S’il le relativise, Mohamed Bensaada n’élude pas l’électrochoc provoqué par l’irruption d’Eric Zemmour, chez les électeurs issus des immigrations de la fin du XXe siècle. Qu’ils soient musulmans pratiquants ou non. « Il a tellement fait péter tous les tabous que ça a troublés beaucoup d’entre nous. Et face aux stigmatisations, Mélenchon a été le seul à dire : “laissez ces Français tranquilles” », affirme-t-il.
« Un élément commun du vote Mélenchon dans nos quartiers, c’est la peur créée par la parole islamophobe de Zemmour et Le Pen », confirme la sociologue Karima Berriche, ancienne directrice du centre social de la cité de la Busserine (14e). Pour preuve de cette émotion, elle évoque un appel qui a beaucoup circulé sur les réseaux sociaux avant le vote. Un texte dont l’origine reste inconnue mais qui, intitulé « communiqué des imams et prédicateurs », appelle « les citoyens français de confession musulmane à voter pour le moins pire des candidats : Jean-Luc Mélenchon. Le seul à avoir abordé la question de la liberté des musulmans (…) ».

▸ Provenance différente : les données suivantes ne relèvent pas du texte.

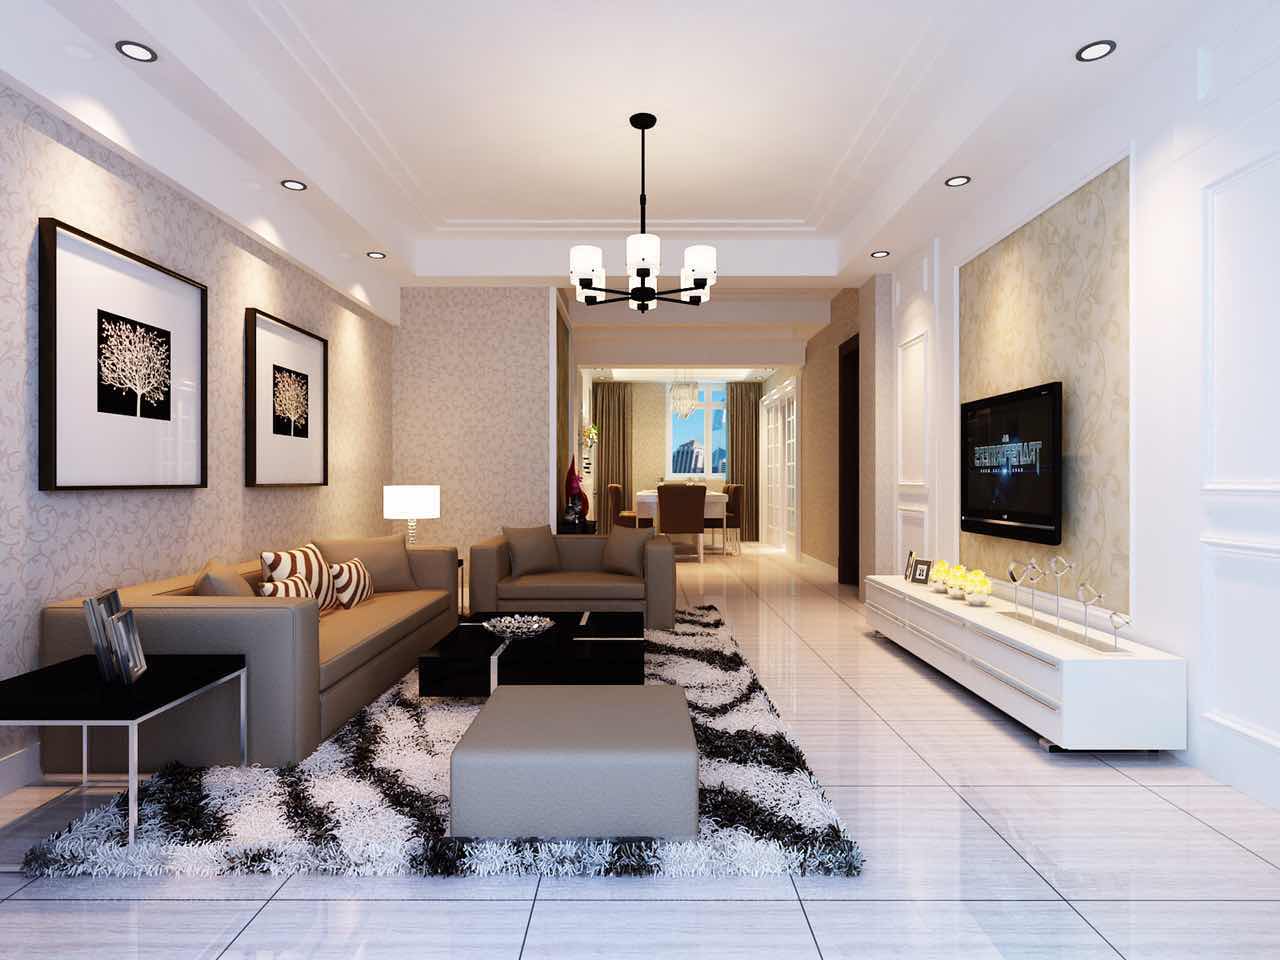 千度东山晴 - 其它风格三室一厅装修效果图 - 王琦设计效果图 - 每平每屋·设计家

« J’ai reçu moi aussi ce communiqué, mais personne ne sait qui en est à l’origine », sourit presque l’imam marseillais Abdessalem Souiki. Lui assure n’avoir donné aucune consigne, mais estime que le vote Mélenchon a été « une question de dignité » pour les musulmans marseillais. « C’est le seul candidat à ne pas les avoir stigmatisés », observe-t-il. « Certaines mosquées ont donné des indications claires », confie, sans vouloir les citer, Nassurdine Haidari, imam originaire de la cité Felix-Pyat. « A l’heure où l’extrême droite fait 30 % et la loi sur le séparatisme met les musulmans dans une position très inconfortable, Mélenchon est apparu aux yeux de la communauté comme le seul candidat dont le discours républicain pouvait la défendre », conclut-il.